Auto-tuning too slow

Hello,
I’m a fresh user of TVM and recently I follow the tutorial to quantize and auto-tuning models for NVIDIA T4. But the auto-tuning program runs too slowly.

Extract tasks...
Tuning...
[Task  1/18]  Current/Best:  249.99/ 291.56 GFLOPS | Progress: (768/1500) | 3791.38 s Done.
[Task  2/18]  Current/Best:    8.29/ 431.15 GFLOPS | Progress: (672/1500) | 7153.01 s Done.
[Task  3/18]  Current/Best:  414.85/ 442.44 GFLOPS | Progress: (720/1500) | 9403.10 s Done.

The program is executed on Intel(R) Xeon(R) Gold 6226 CPU @ 2.70GHz. It seems that the program only occupies 1 physical core from htop.

Is this speed normal? How can I utilize multi-cores to speed up it?
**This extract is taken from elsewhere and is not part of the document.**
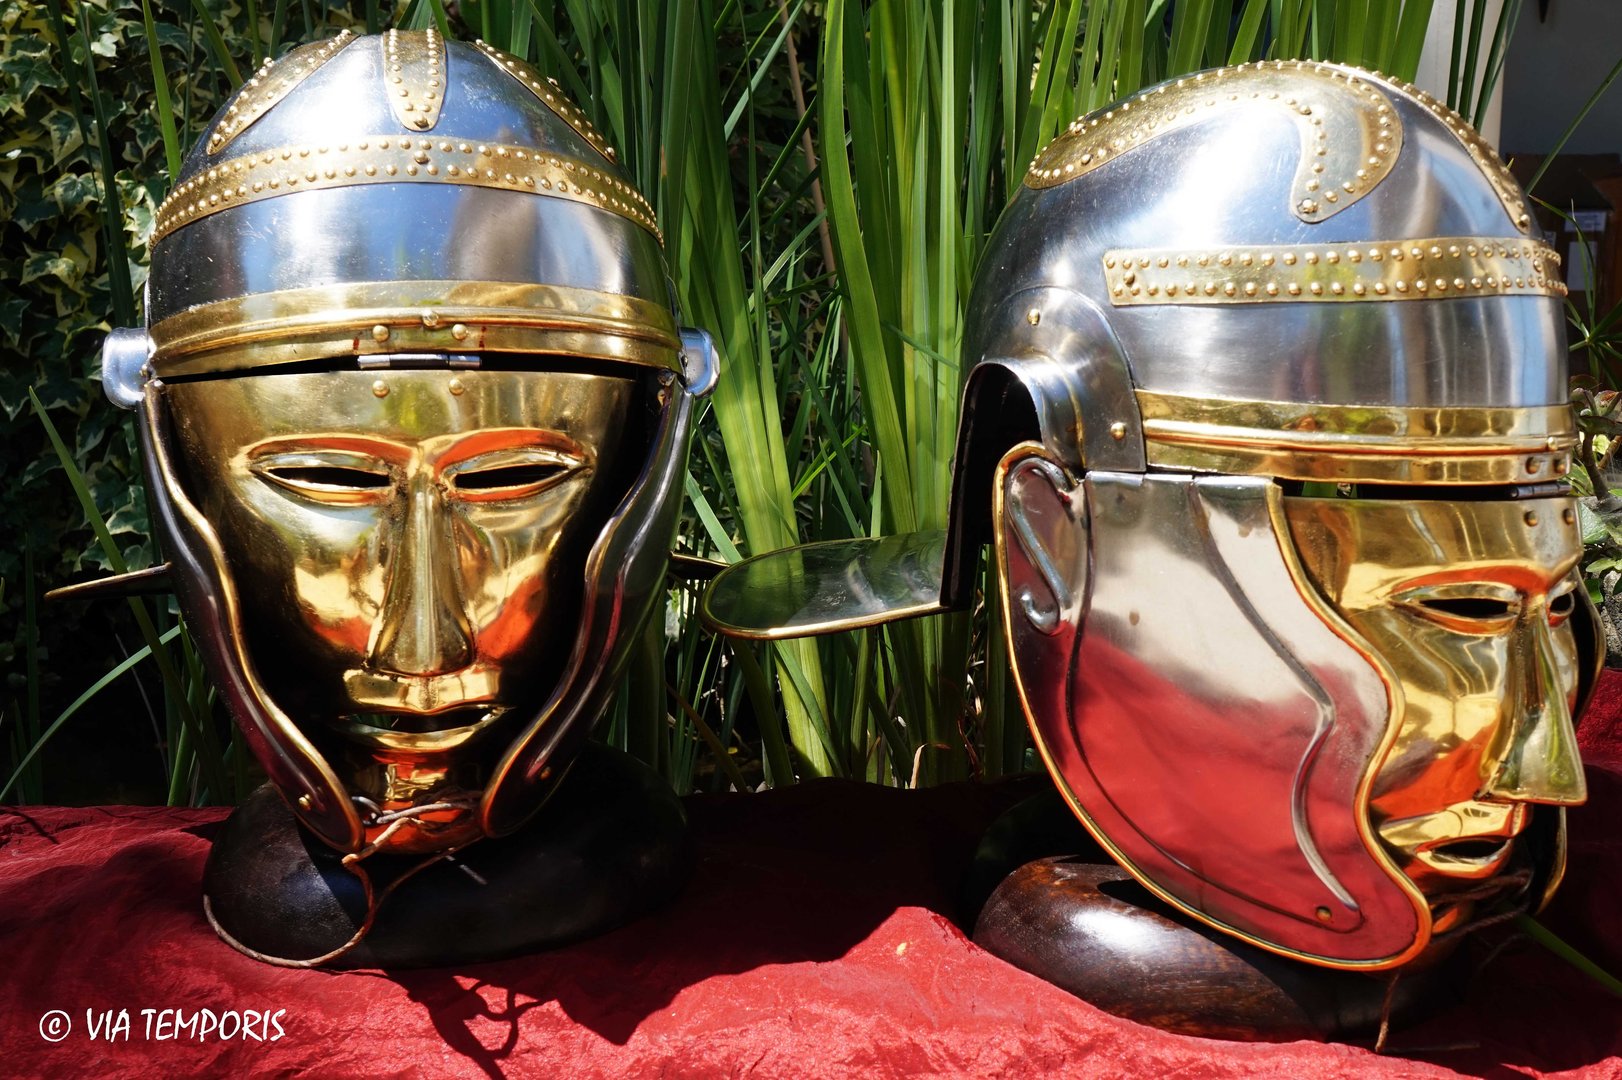 Ancient Medieval Roman Helmet With Face Mask/ Roman Gallic/Centurian Helmet II

This is normal. The Auto-tuning measures the candidate configs directly on the target device, which is GPU in your case. Since you have only one GPU, all 1,500 trials are performed sequentially and every tasks are also performed sequentially. The only way to speed it up at this moment is enabling distributed tuning with multiple GPUs or multiple machines.

I feel confused that both CPU and GPUs are not busy during tuning.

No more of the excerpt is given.